Query Complexity: Our INSPIRE query consists of a block query and a group query. The block query has the size of  $n_B \times l_B \times M$ , where  $n_B$  is the number of blocks per group,  $l_B$  is the block length, and M is the size of the polynomial coefficient. The group query has the size of  $l_B \times M$ . Thus, the total query size is  $(n_B + 1) \times l_B \times M$ . Compared with FastPIR whose query size is  $N \times M$ , we reduce the query size by a factor approximately equal to the number of groups  $n_G$ .

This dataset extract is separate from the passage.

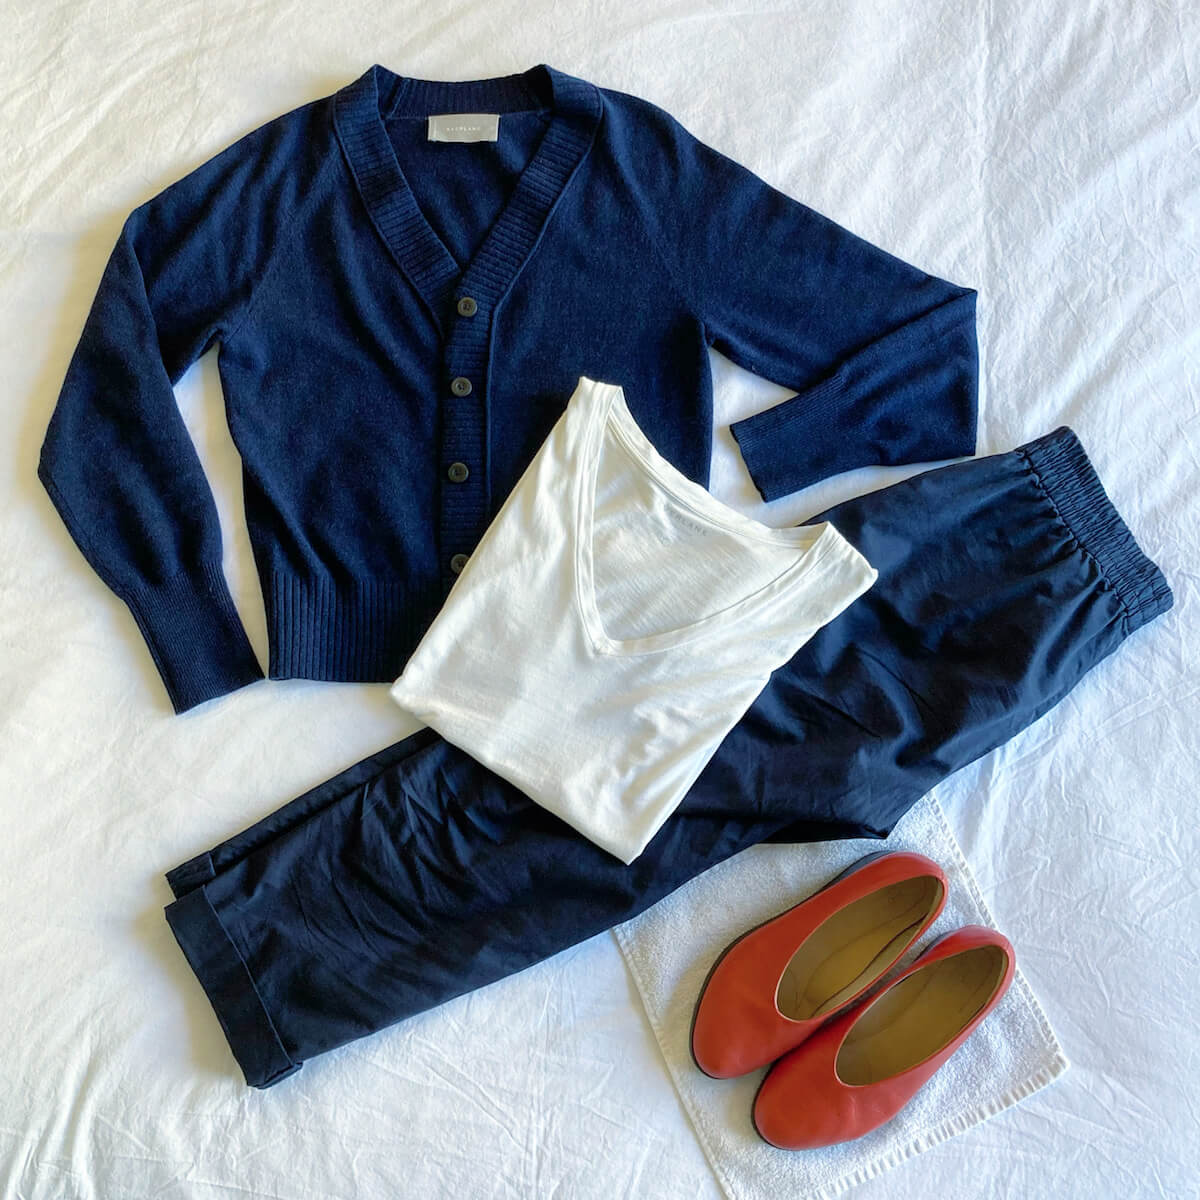 Flat lay of cardigan, navy pants, white t-shirt, and red shoes.

Table 1: Computation Complexity of different reduction stages in INSPIRE, with comparison to FastPIR

|                  | Hom_Add             | Hom_Mul             | Hom_Rot       |
|------------------|---------------------|---------------------|---------------|
| Block Reduction  | $n_C n_G (n_B - 1)$ | $n_C n_G n_B$       | 0             |
| Group Reduction  | $n_C(n_G-1)$        | $n_C$               | $n_C(n_G-1)$  |
| Column Reduction | $n_C - 1$           | 0                   | $n_C - 1$     |
| INSPIRE          | $n_C n_G n_B - 1$   | $n_C n_G n_B + n_C$ | $n_C n_G - 1$ |
| FastPIR          | $n_C n_G n_B - 1$   | $n_C n_G n_B$       | $n_C - 1$     |

Computation Complexity: In Tab. 1, we show the number of Hom\_Mul, Hom\_Rot, and Hom\_Add operations in different reduction

phases. The total operations in FastPIR are also shown as a comparison. We find that our INSPIRE has the same number of homomorphic additions and slightly increases  $n_C$  homomorphic multiplications. On the other hand, we increase homomorphic rotations by  $n_G$  times. However, although the total rotations are increased, the rotation operation in INSPIRE is cheaper than FastPIR. Importantly, all rotations in INSPIRE are processed in a streaming fashion, and thus we avoid the expensive recursion stack of FastPIR (Fig. 3).

## 4 INSPIRE ARCHITECTURE

Although our INSPIRE protocol significantly reduces the size of the query, we still expect a large amount of accesses to database blocks. In order to overcome the bandwidth bottleneck at the storage I/O, we further design the INSPIRE architecture, an in-storage processing accelerator. In this section, we first present the design overview of INSPIRE architecture. Then, we present the implementation details and dataflow design in the different hardware units

## 4.1 Architecture Overview

The overall architecture of INSPIRE is shown in Fig. 7, which is based on the original flash SSD. During the data retrieving, both the block query and blocks of database records are loaded sequentially from the Flash DIMs. The block reduction is performed at the block collector, leveraging the channel-level parallelism to generate block answers. Further at the answer accelerator, block answers are aggregated together to generate the group answer with the group query. And finally, we use column reduction to derive the final answer and send it back through the host interface. Therefore, INSPIRE adopts a heterogeneous architecture. This subsection details how INSPIRE architecture handles the memory-bounded block reduction and computation-bounded group/column reduction.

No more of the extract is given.